[TASK INSTRUCTIONS]
Please output the data exactly, minus pictures.

[DATA EXTRACT]
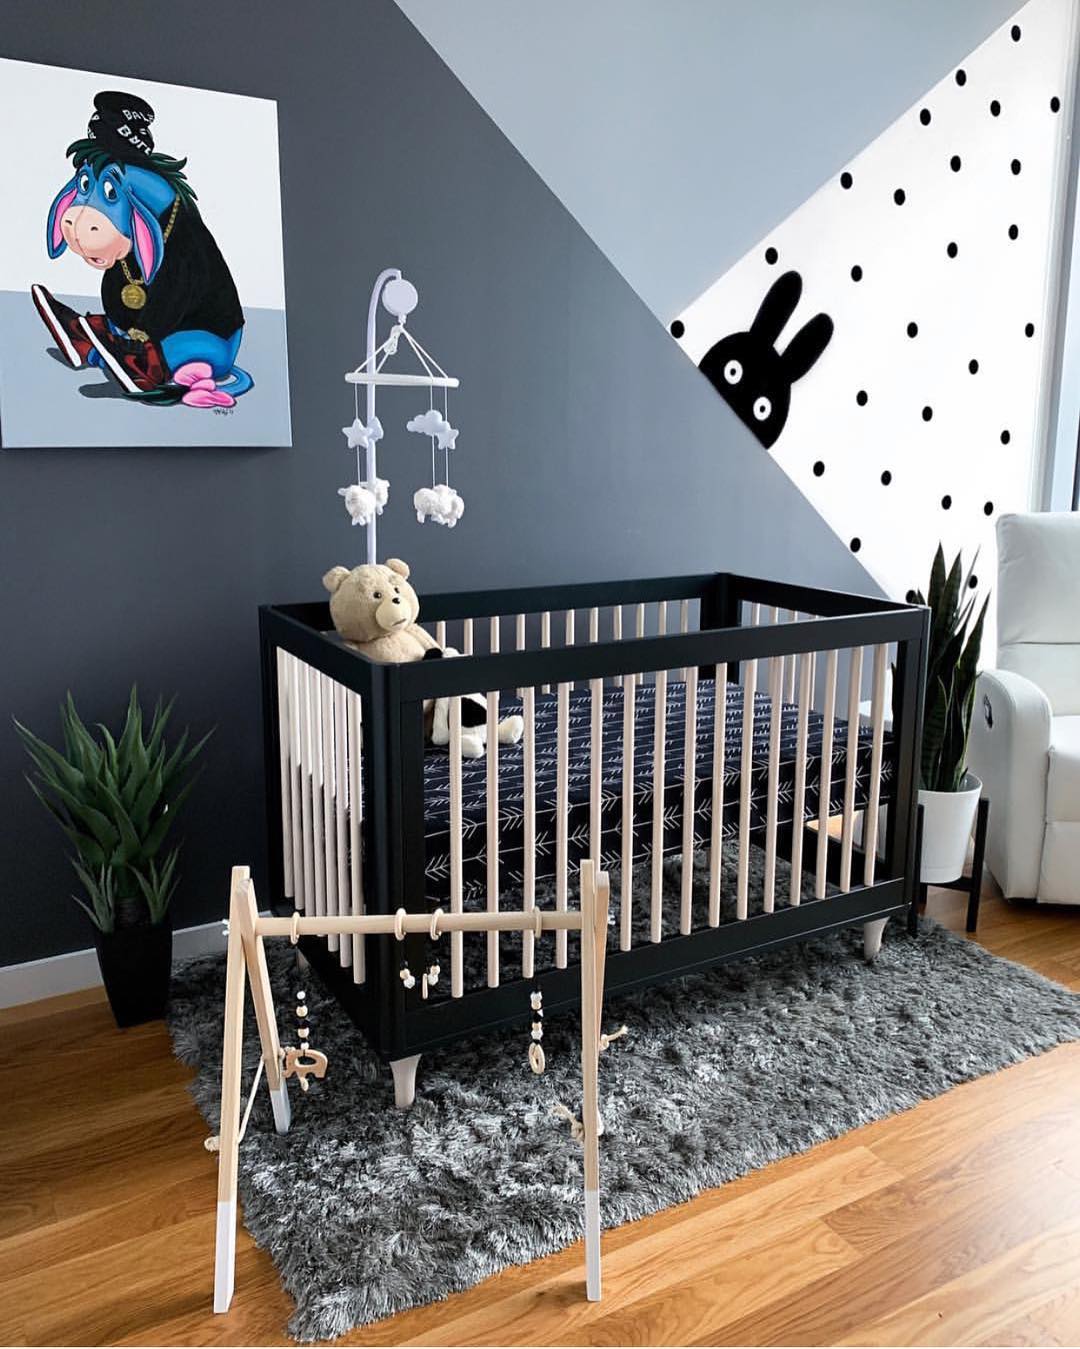 Papéis de parede geométricos: inspirações para montar um quarto de bebê  especial - Blog Moda InfantilBlog Moda Infantil
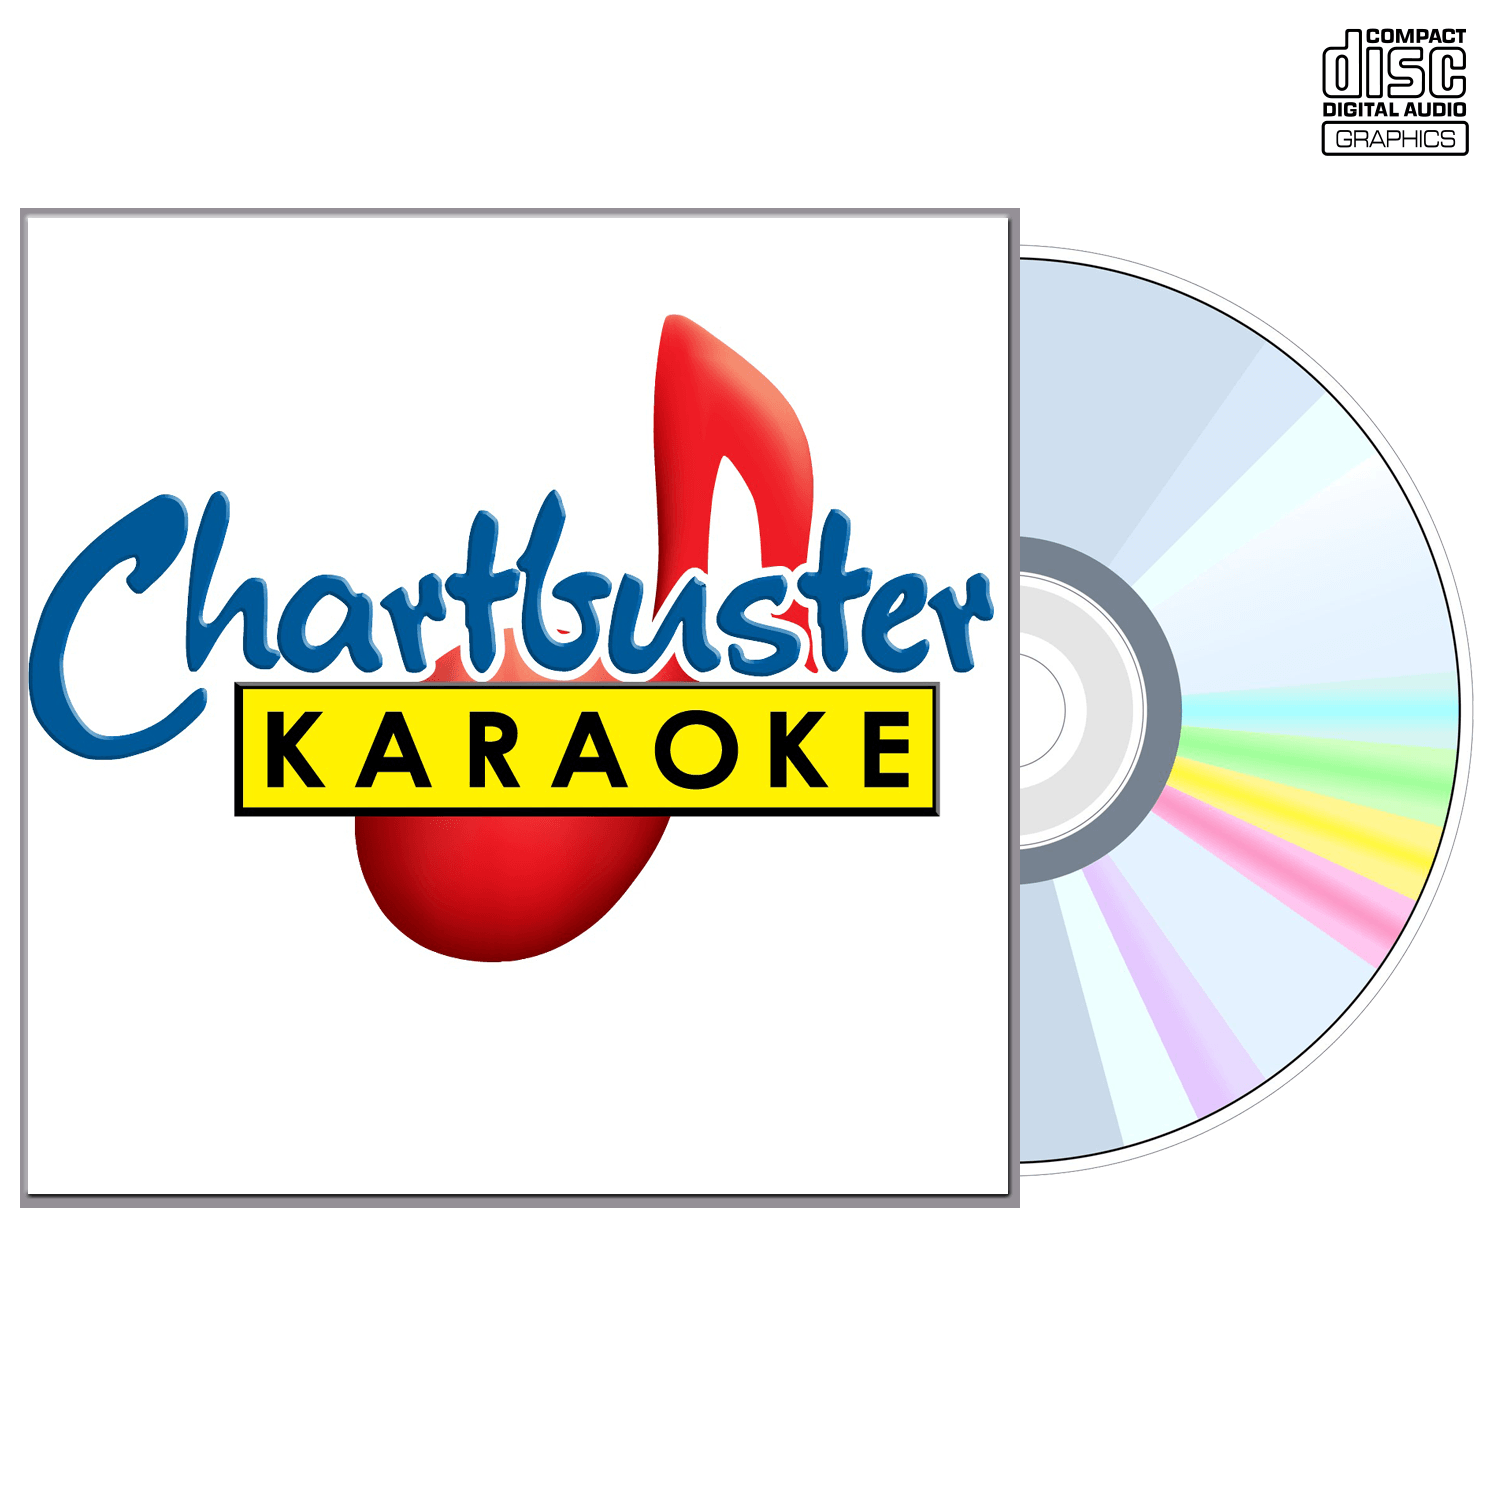 Jason Aldean - CD+G - Chartbuster Karaoke - Karaoke Home Entertainment
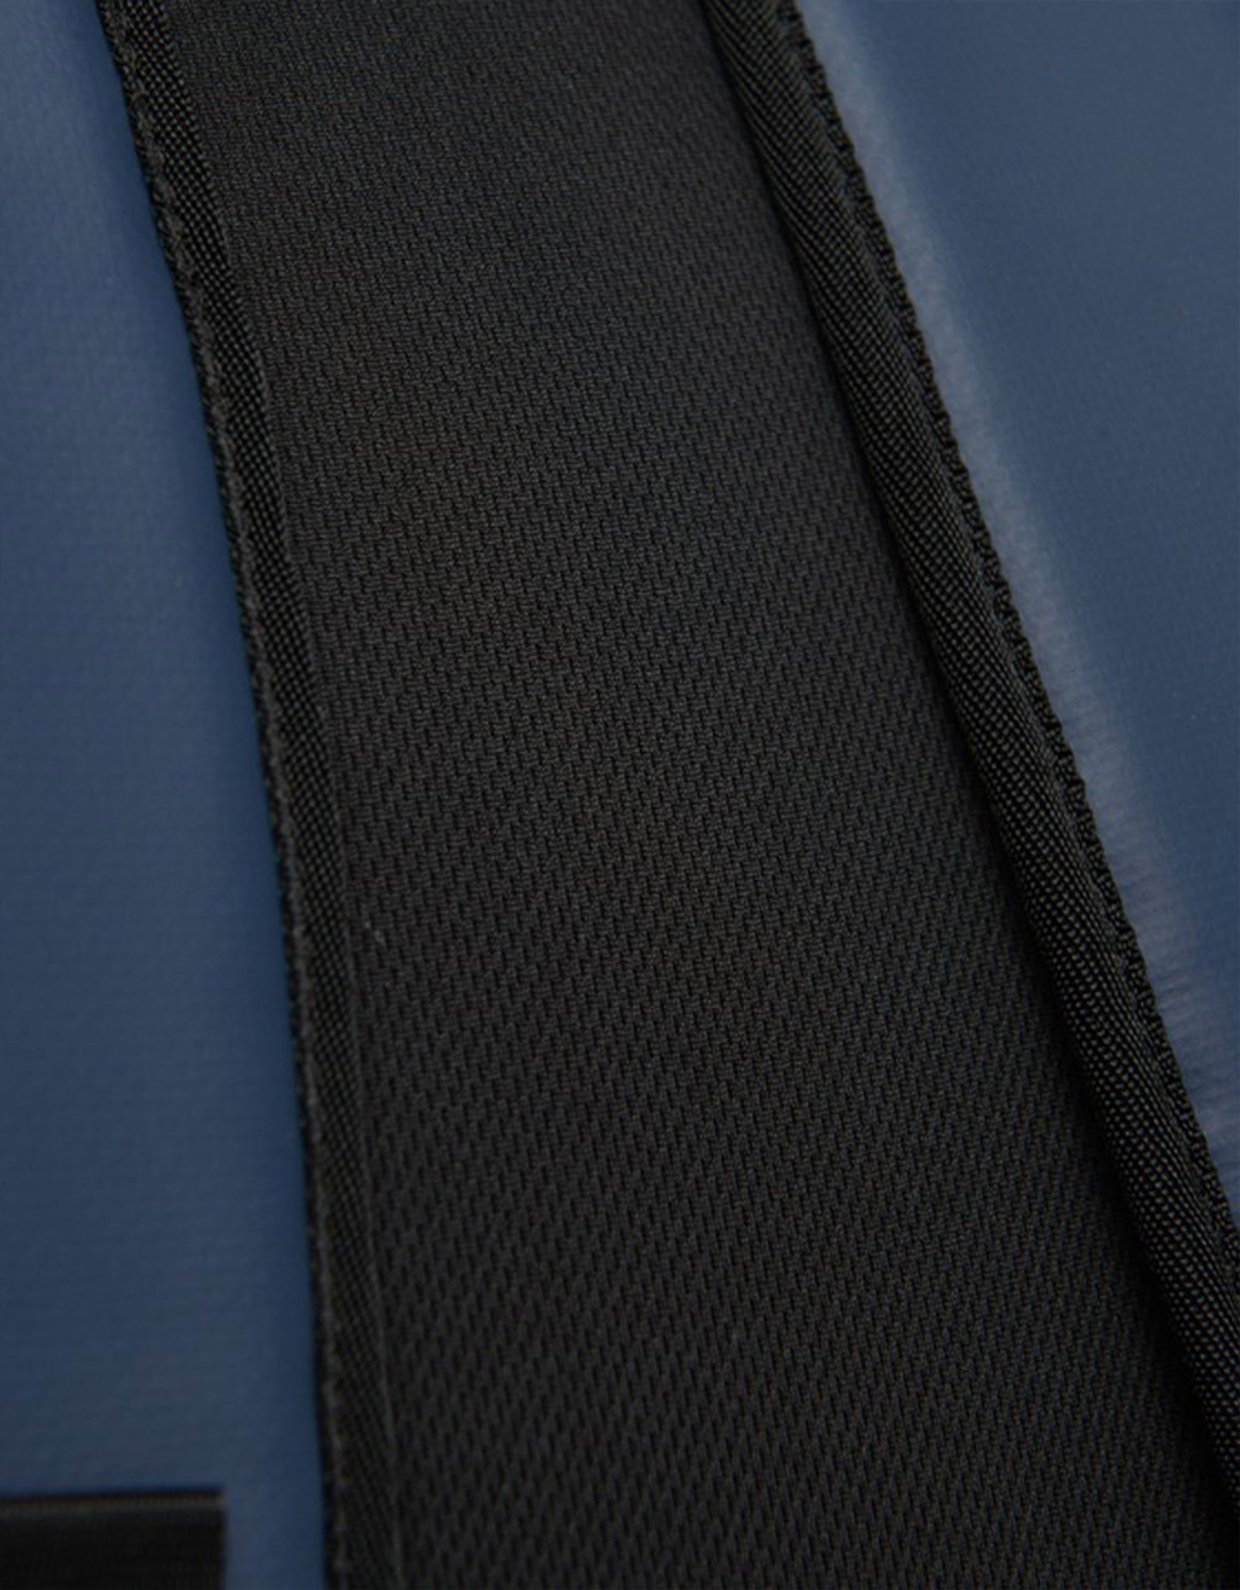 Superdry Code tarp backpack dark navy
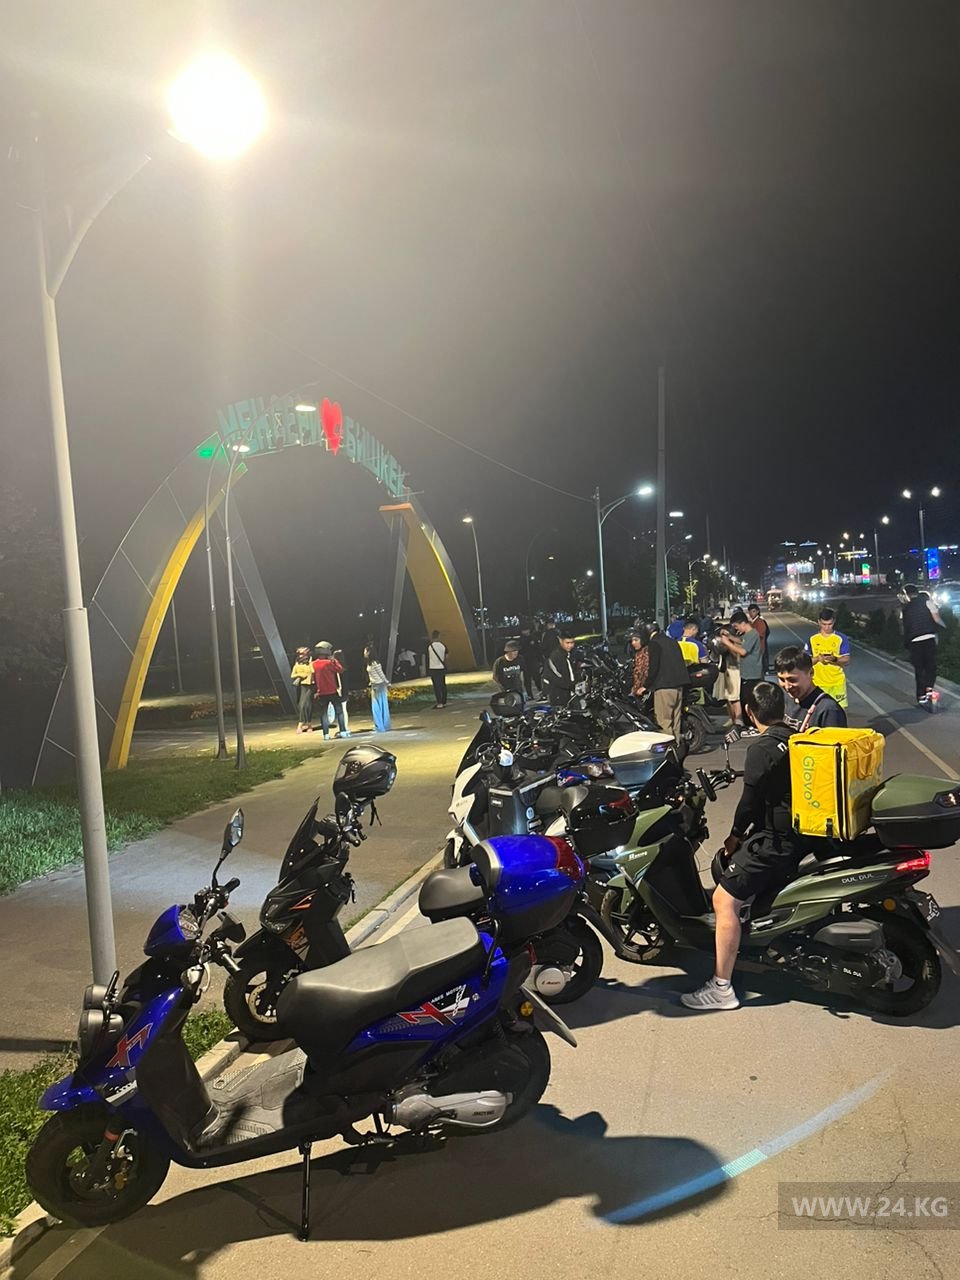 Опасно ходить. Бишкекчане жалуются на скутеры в парке

[ANSWER TO THE EXERCISE]
 Papéis de parede geométricos: inspirações para montar um quarto de bebê  especial - Blog Moda InfantilBlog Moda Infantil
 Jason Aldean - CD+G - Chartbuster Karaoke - Karaoke Home Entertainment
 Superdry Code tarp backpack dark navy
 Опасно ходить. Бишкекчане жалуются на скутеры в парке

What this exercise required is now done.